Retype, word for word, only the lines from the one containing "One-Piece-Luffy-Gear-Fifth-Shonen-Jump-cover-color" through the last line of the listing below. Pictures do not belong in the result.

#### RAW DATA
━━━━━━━━━━━━━━━━

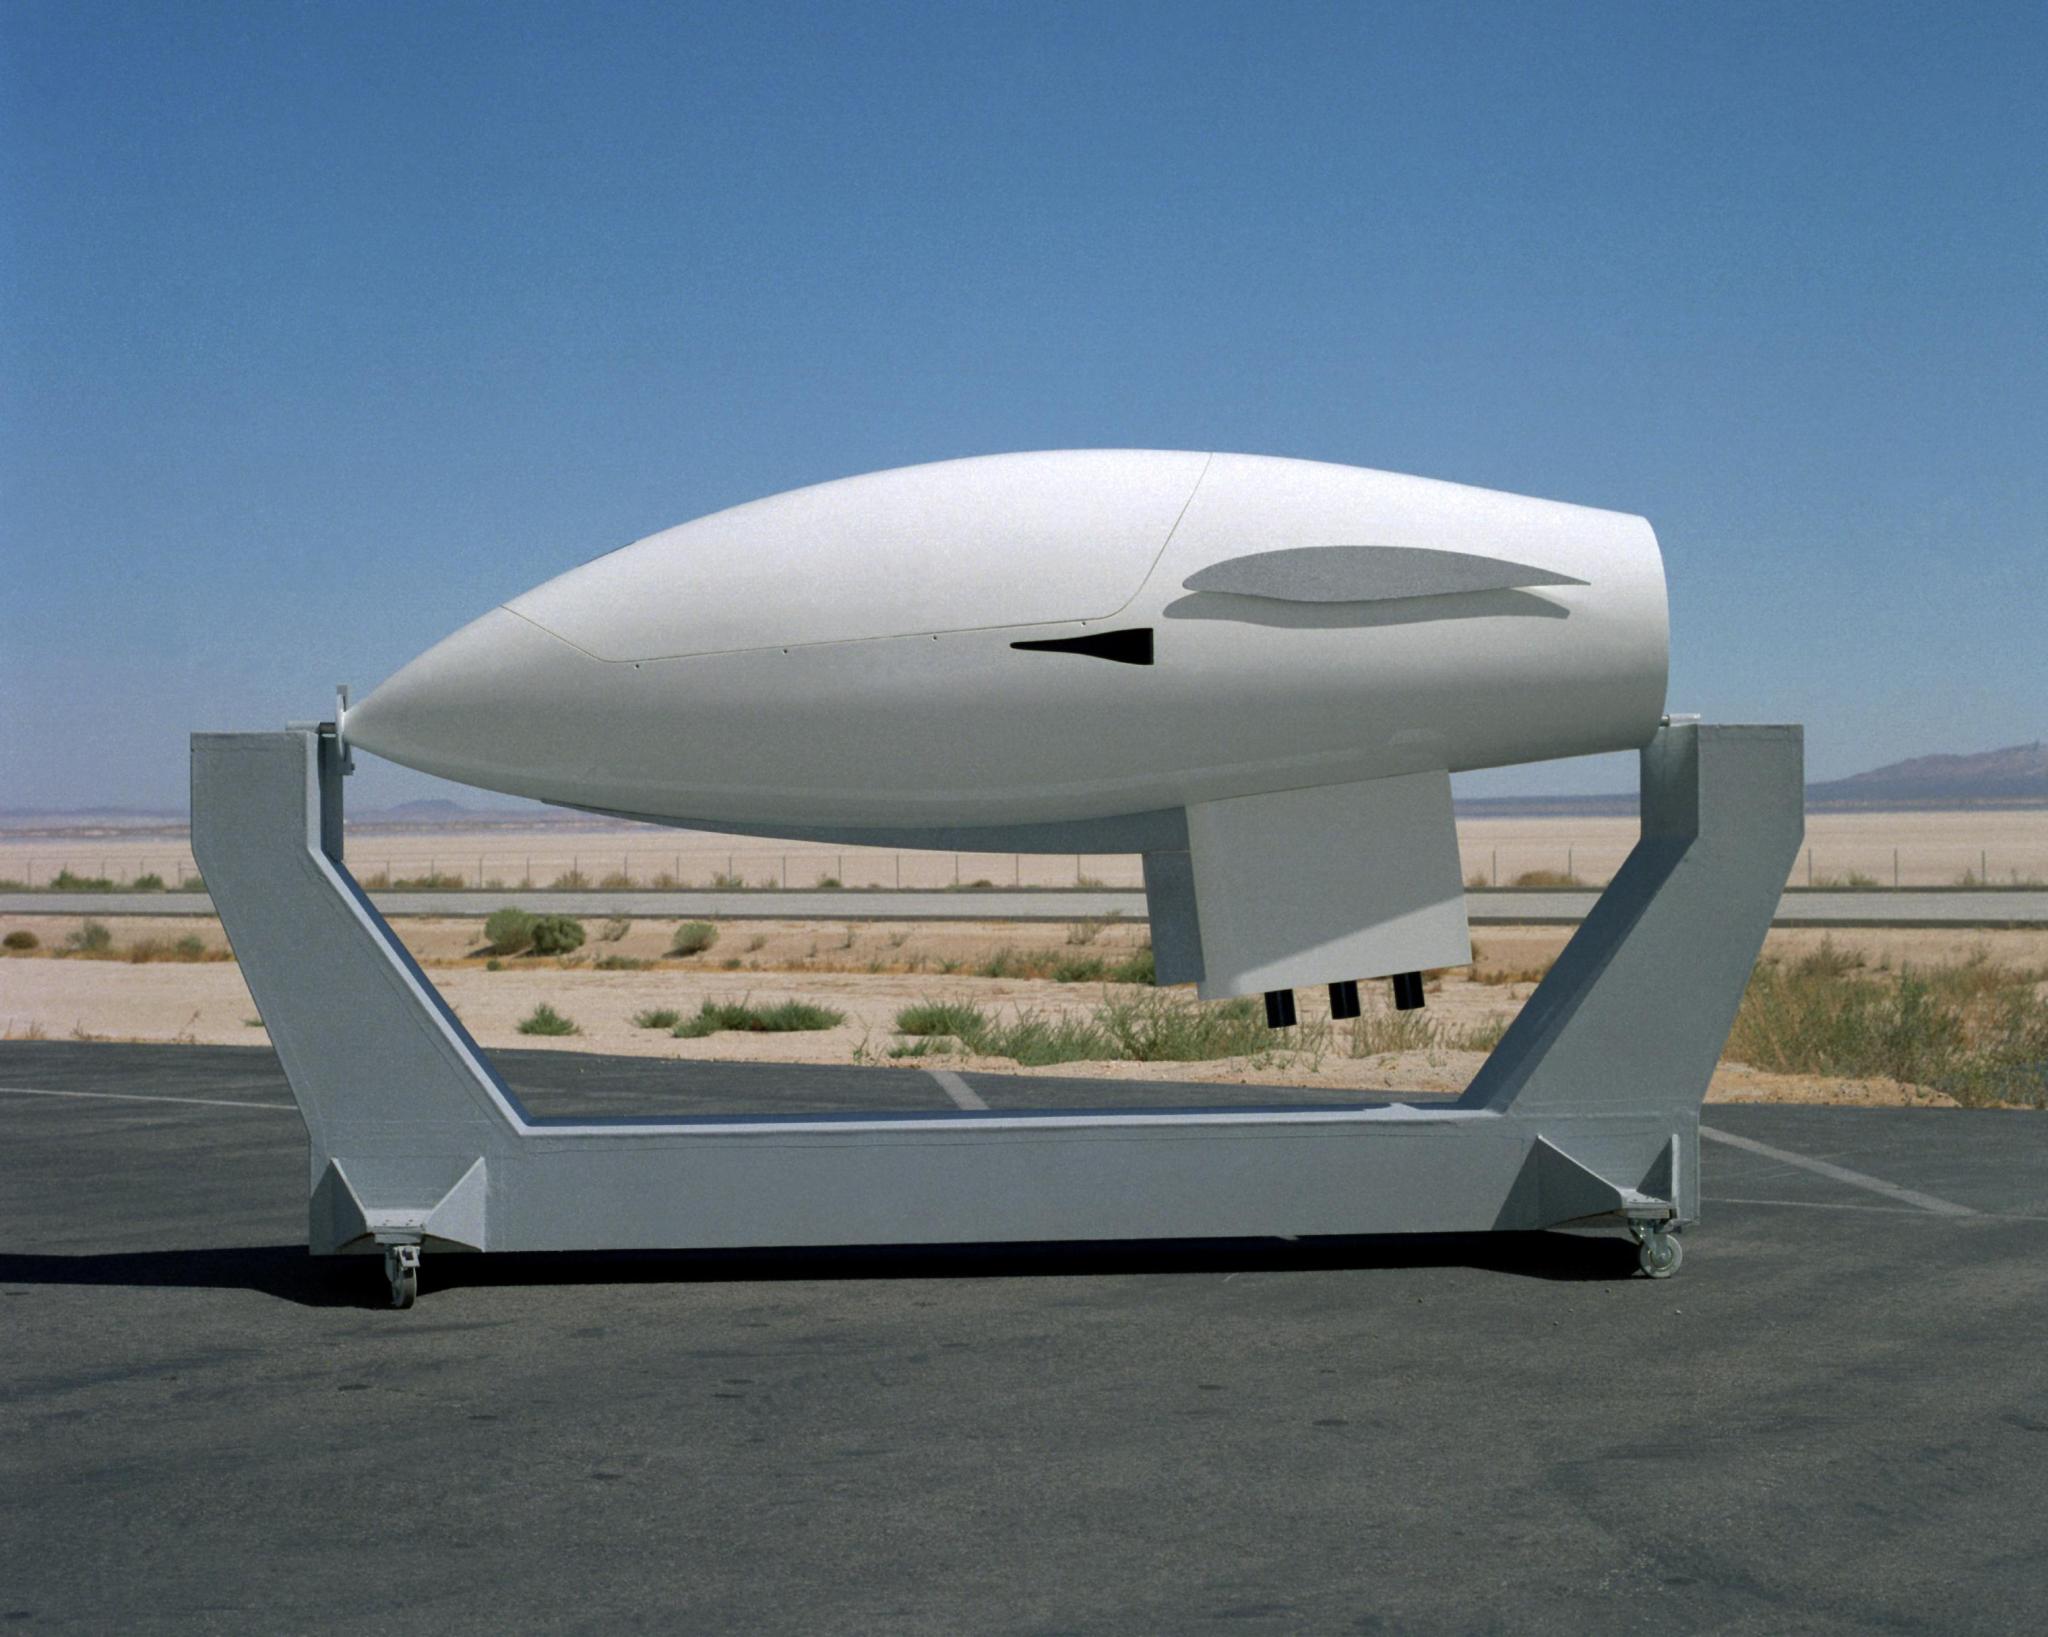 A mock-up of the Apex sailplane.
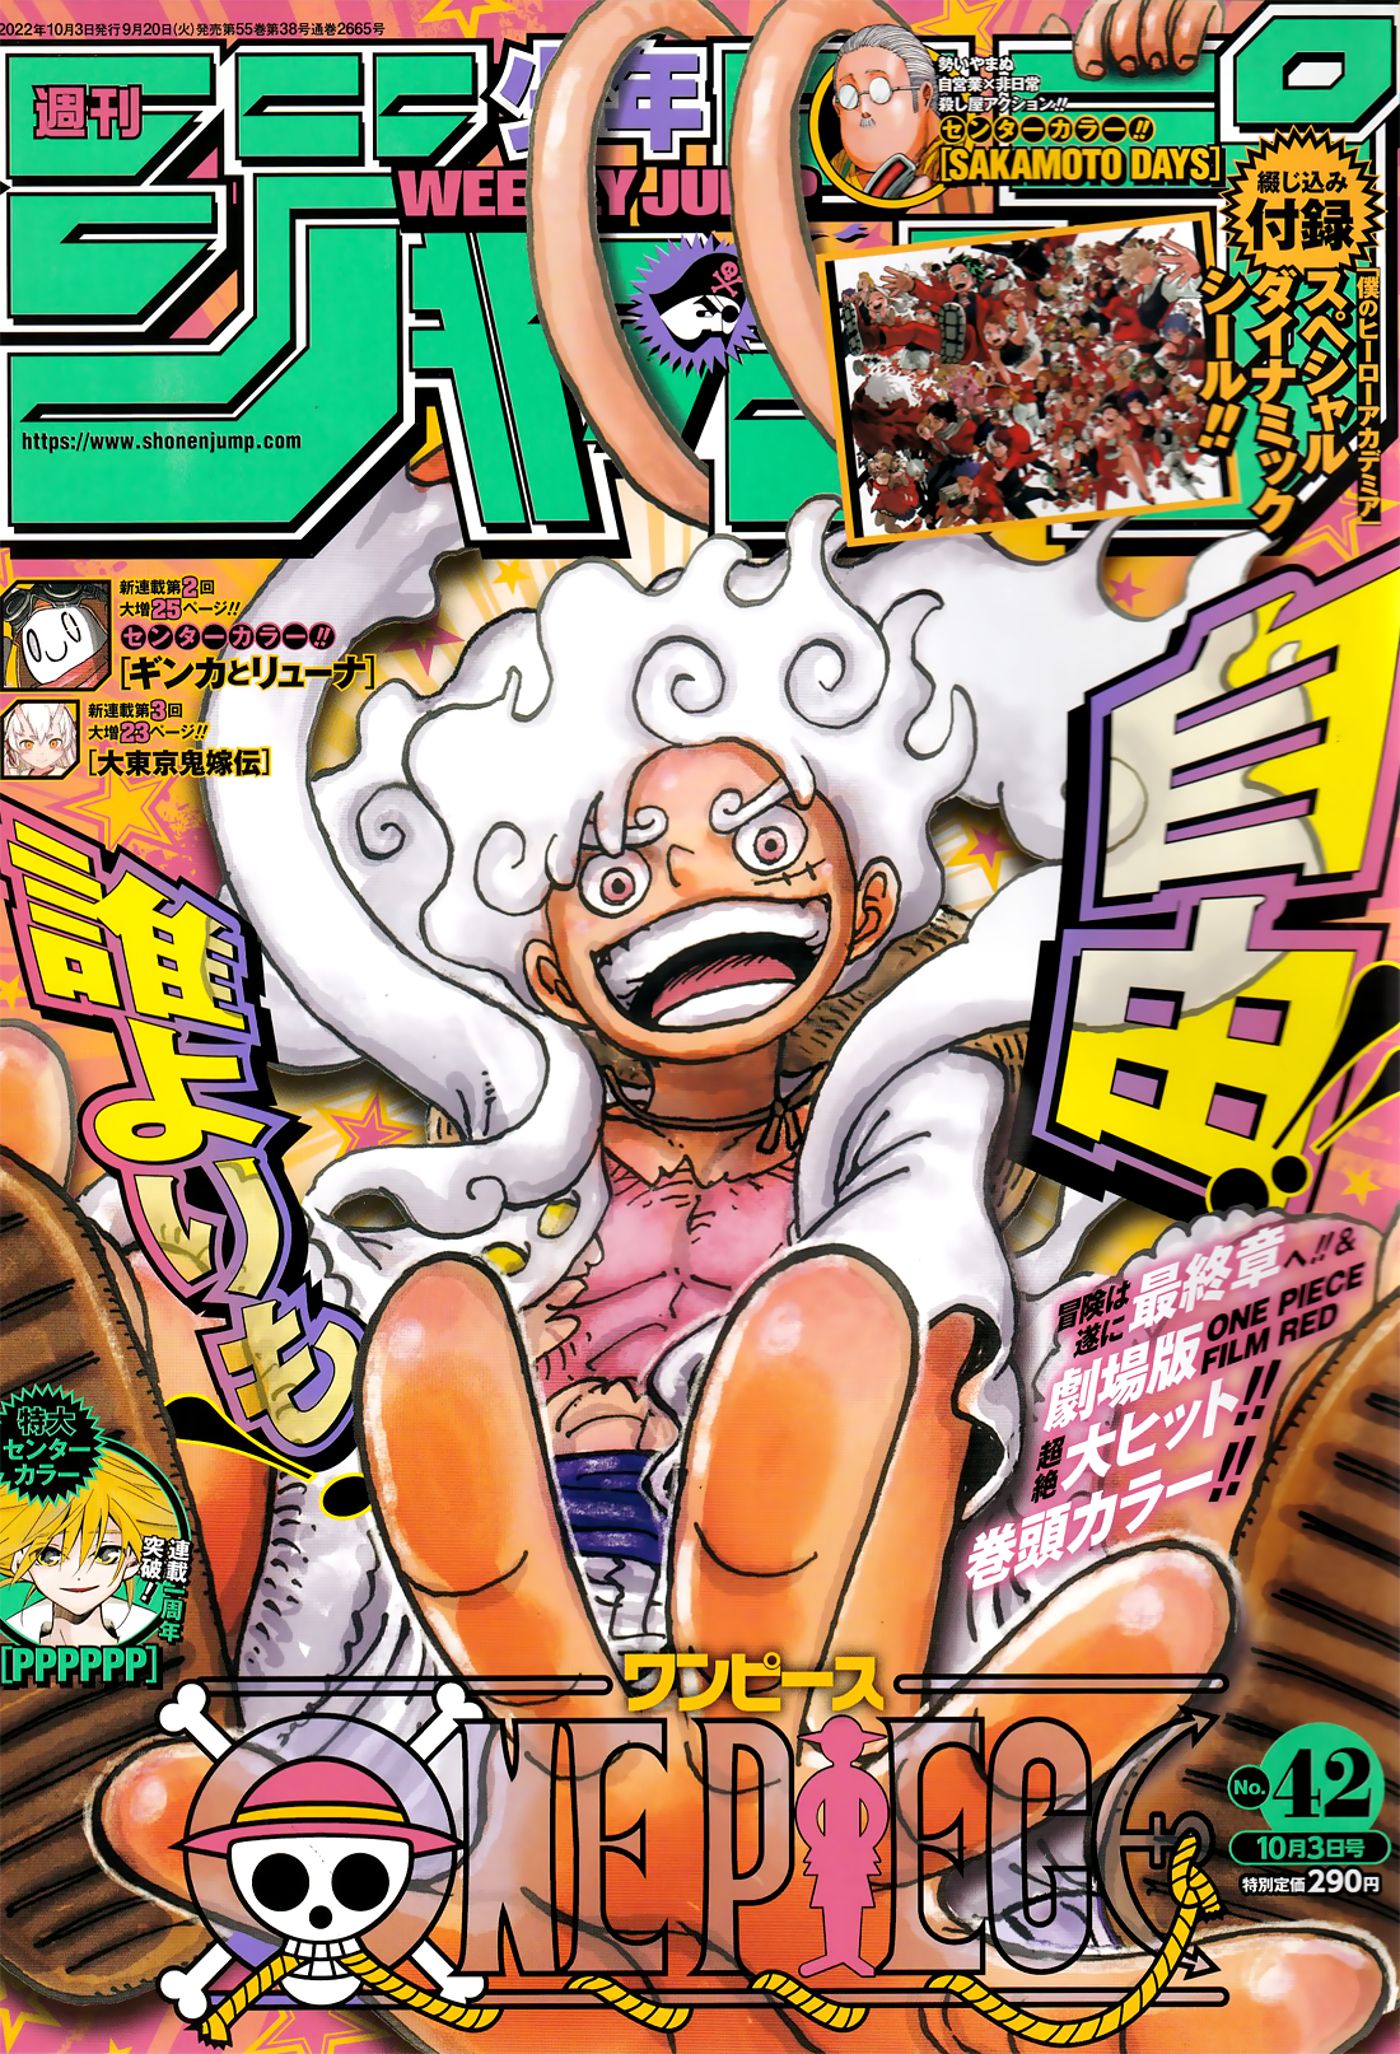 One-Piece-Luffy-Gear-Fifth-Shonen-Jump-cover-color
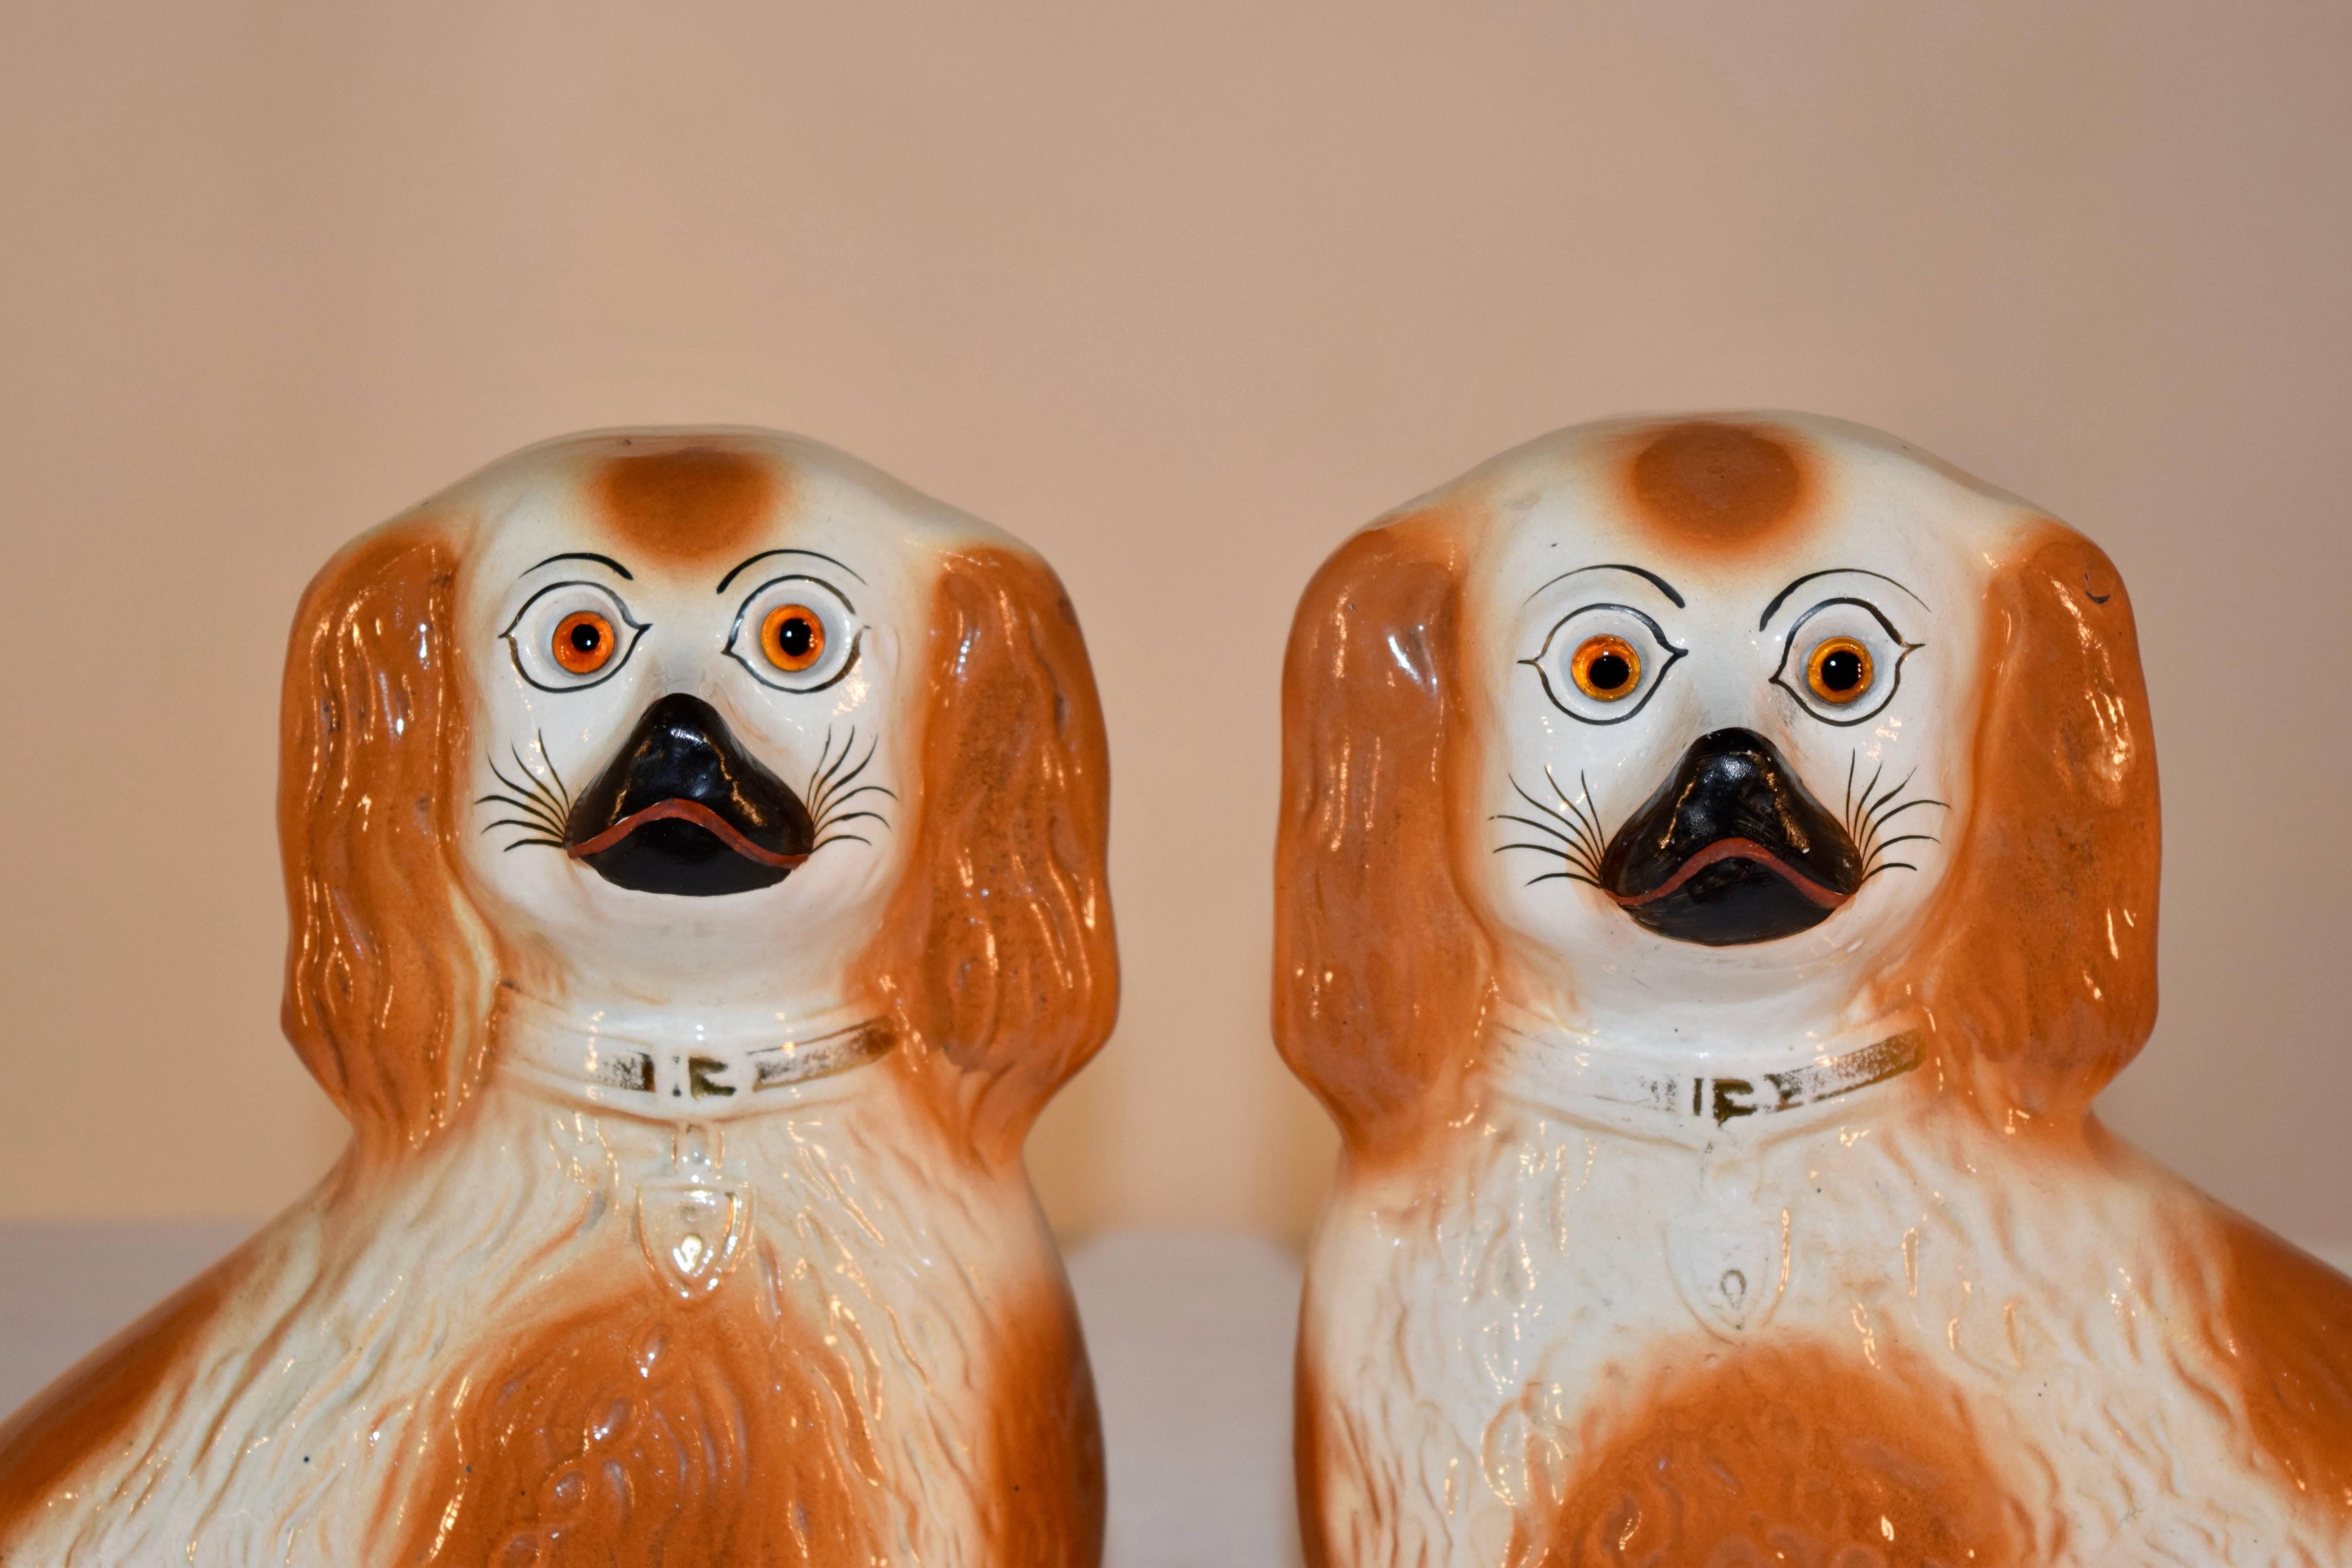 19th century pair of lovely porcelain dogs from the Staffordshire region of England. They have curly tails and glass eyes, and are decorated in a rust color.

━━━━━━━━━━━━━━━━

#### EXPECTED OUTPUT
 One-Piece-Luffy-Gear-Fifth-Shonen-Jump-cover-color
 19th century pair of lovely porcelain dogs from the Staffordshire region of England. They have curly tails and glass eyes, and are decorated in a rust color.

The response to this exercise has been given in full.